Bourdieu, Pierre. Science of Science and Reflexivity. Translated by Richard Nice. The University of Chicago Press: Chicago, 2004.

Collins, Harry M. Changing Order: Replication and Induction in Scientific Practice. London: Sage Publications, 1985.

Farley, John, and Gerald L. Geison. “Science, Politics and Spontaneous Generation in Nineteenth-Century France: The Pasteur-Pouchet Debate.” Bulletin of the History of Medicine 48, no. 2 (1974): 161-198.

Huang, Yi-Long, and Chih-ch’eng Chang. “The Evolution and Decline of the Ancient Chinese Practice of Watching for the Ethers.” [In English]. East Asian Science, Technology, and Medicine 13, no. 1 (05 Jul. 1996 1996): 82–106.


[1] Harry M. Collins, Changing Order: Replication and Induction in Scientific Practice (London: Sage Publications, 1985), 83–84.

[2] Pierre Bourdieu, Science of Science and Reflexivity, trans.
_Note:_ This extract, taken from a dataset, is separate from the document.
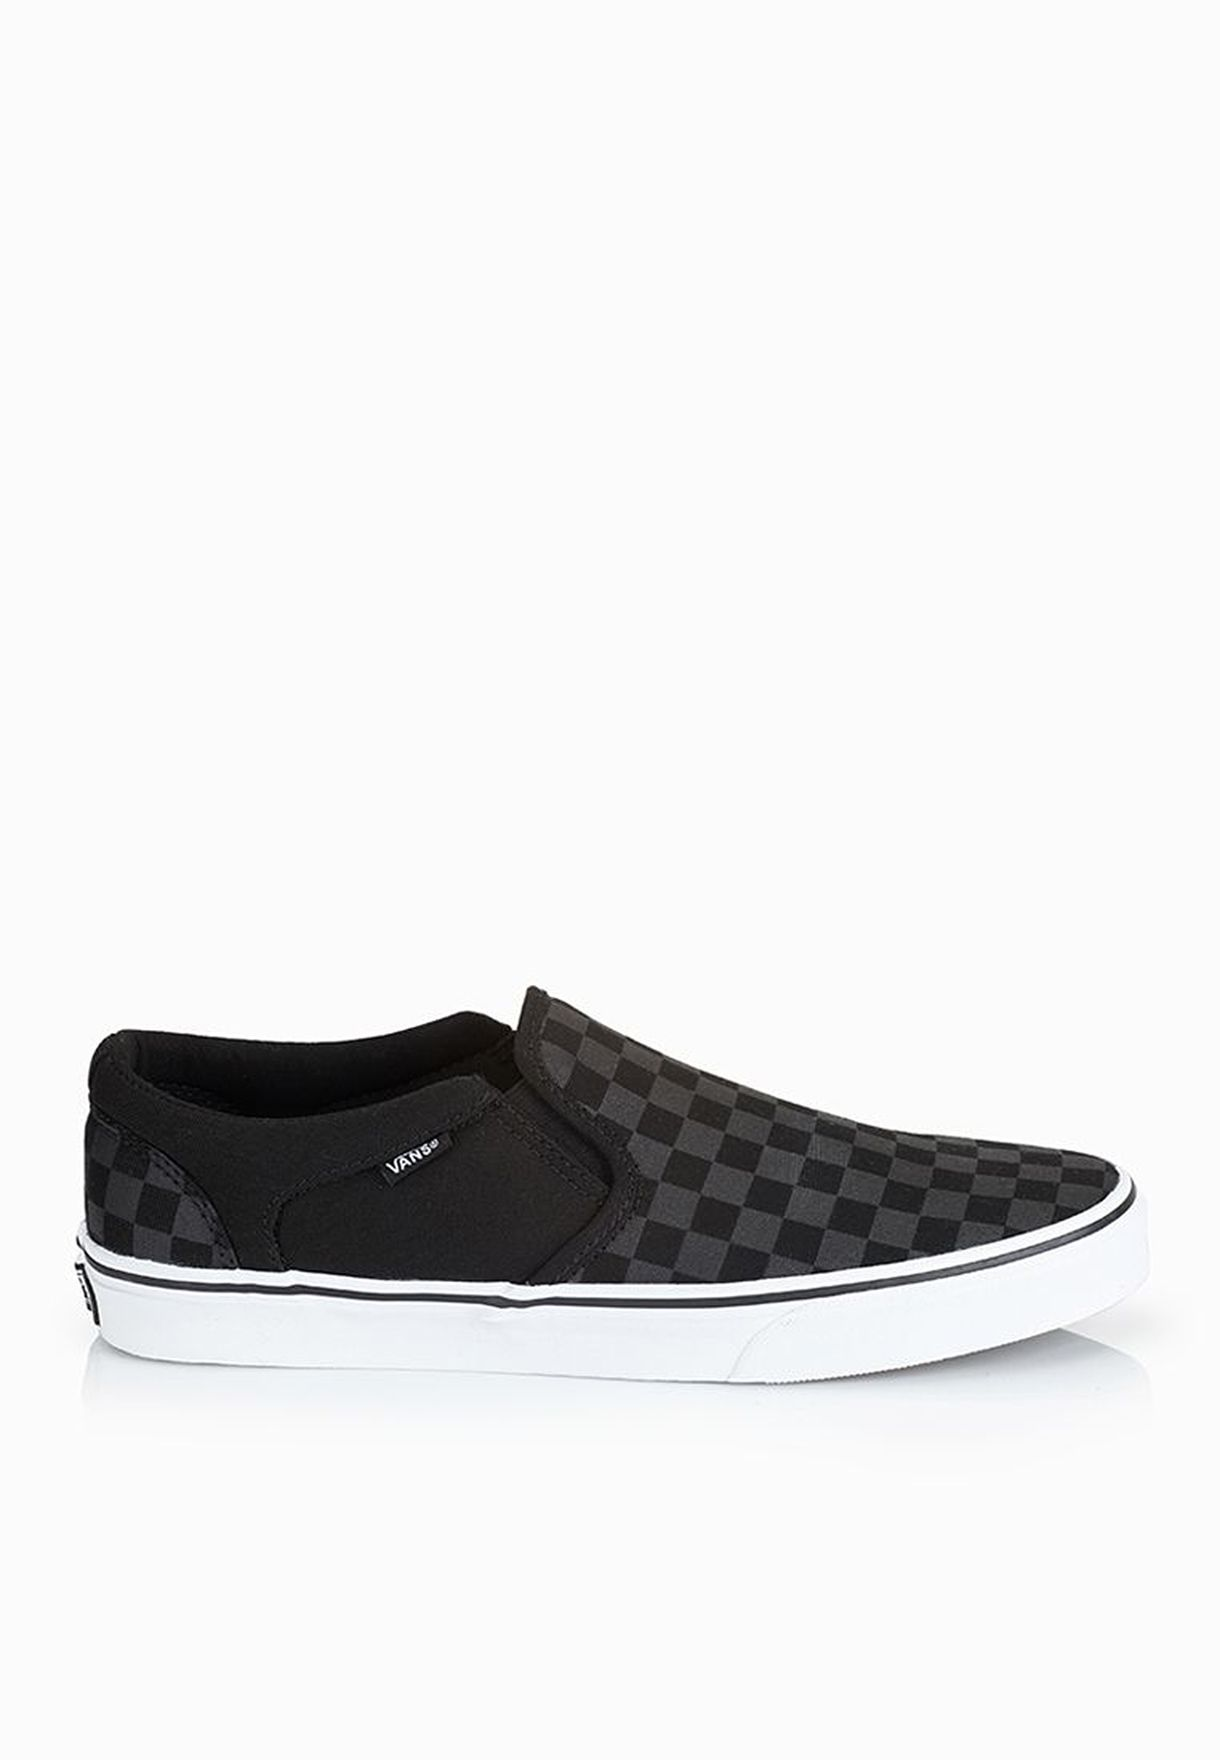 1d9edf3d518d84 Shop Vans black Asher Checkerboard Slip ons SEQ542 for Men in Oman -  VA088SH11AVK

Richard Nice (The University of Chicago Press: Chicago, 2004), 20.

[3] Yi-Long Huang and Chih-ch’eng Chang, “The Evolution and Decline of the Ancient Chinese Practice of Watching for the Ethers,” East Asian Science, Technology, and Medicine 13, no. 1 (1996): 89.

[4] Shengzu Ren huangdi shilu 聖祖仁皇帝實錄 [Veritable Records of the Kangxi Emperor] (Beijing: Zhonghua shuju, 1986), 27.11a, 27.18b.

[5] Huang and Chang, “The Evolution and Decline of the Ancient Chinese Practice of Watching for the Ethers,” 90–102.

[6] John Farley and Gerald L. Geison, “Science, Politics and Spontaneous Generation in Nineteenth-Century France: The Pasteur-Pouchet Debate,” Bulletin of the History of Medicine 48, no. 2 (1974): 191.

[7] Ibid.

[8] E.g. Yang Yinliu, Zhongguo gudai yinyue shigao [A Draft of Ancient Chinese Music History] (Beijing: Renmin yinyue chubanshe, 1981), 1011–1012.